Every second that we're not growing BASIL is a second wasted

Fun Shoe

hooah posted:

Thanks, that worked well.

I've read that it's bad for a laptop's battery to leave it plugged in all the time. If this was indeed true, is it still the case? It seems that phone batteries are intended to be able to take this sort of use (most people probably charge them overnight, and it doesn't take 8 hours to charge a phone), so it seems that that resiliency would be in all consumer rechargeable batteries by now.

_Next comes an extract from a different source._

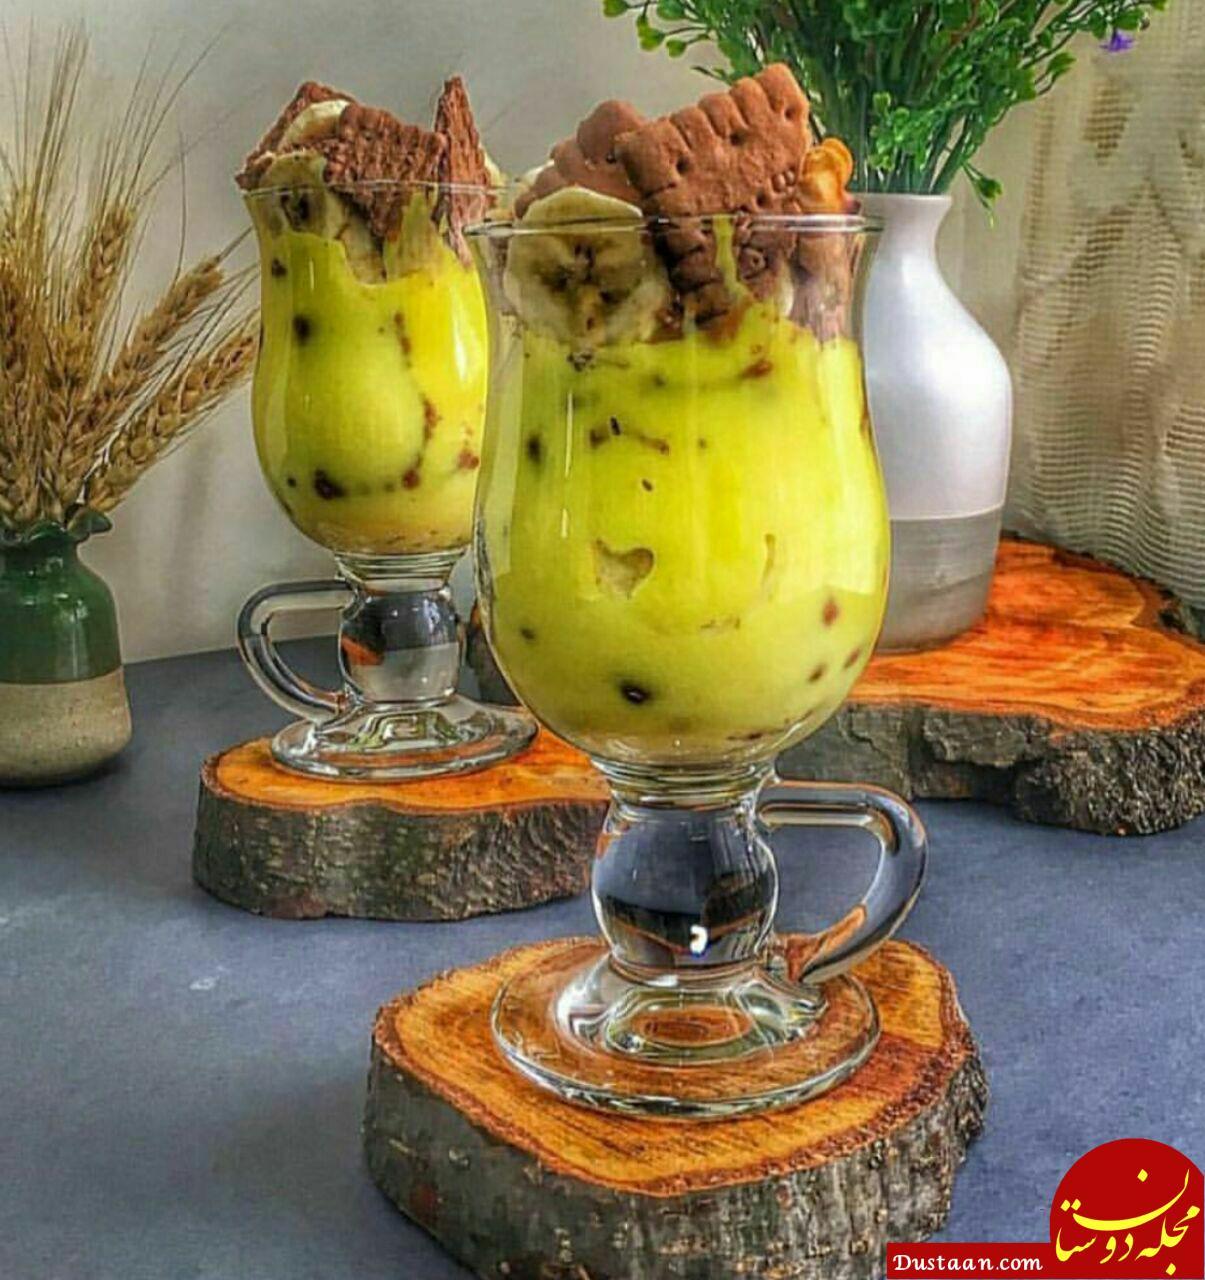 www.dustaan.com طرز تهیه دسر موز و بیسکوییت به سبکی خوشمزه و متفاوت

This is true. Charge amount and discharge depth are very important for lithium-ion battery life. Tl;dr: Keep a battery's charge close to 50% for as much of its life as possible, avoid charging over 80% and discharging below 20%.

It's also true that it's 2015 and you're probably going to replace your device before your battery sees significant wear regardless of your charging habits. If sperging about your battery life brings you peace then go hog wild. If you're just wondering if it's something you have to worry about, the answer is no unless you're an edge case, enjoy your life.

Very Strange Things
May 21, 2008

uwaeve posted:

a backpack full of weight plates,

'Twas to be my suggestion. A couple plates in a backpack should do it. A packback with the thing that fastens across the chest would be best.

tuyop
Sep 15, 2006

Every second that we're not growing BASIL is a second wasted

Fun Shoe

Baron Bifford posted:

I've heard of weighted vests that bodybuilders and crossfit enthusiasts use. What do you think of them?

I think if you use that poo poo while just starting climbing or running, you're cruising for a wicked case of tendinitis and a possible pulley injury in climbing (speaking from experience here). If you're approaching an advanced level of fitness in your sport, you'll know it and have a community of people who can provide advice on this stuff. Run with weight if you have a need to perform well when running with weight, like if you're in law enforcement or the military. I did a bit of research on this awhile ago when I was in the military and the general consensus was that weighted running has some benefits that carry over to non-weighted running, but it dramatically increases the chance of horrible injuries like plantar fasciitis.

Namarrgon
Dec 23, 2008

Congratulations on not getting fit in 2011!
Human body is adaptive; run a lot with a weighted vest and you will become good at running while weighed down. It will definitely improve your normal running but that is more of a secondary thing and not so much as you'd think. If you want to get better at running longer and/or faster you will simply have to run longer and/or faster. By the same logic the world's best bench presser isn't automatically the world champion in pushups.

hooah
Feb 6, 2006
WTF?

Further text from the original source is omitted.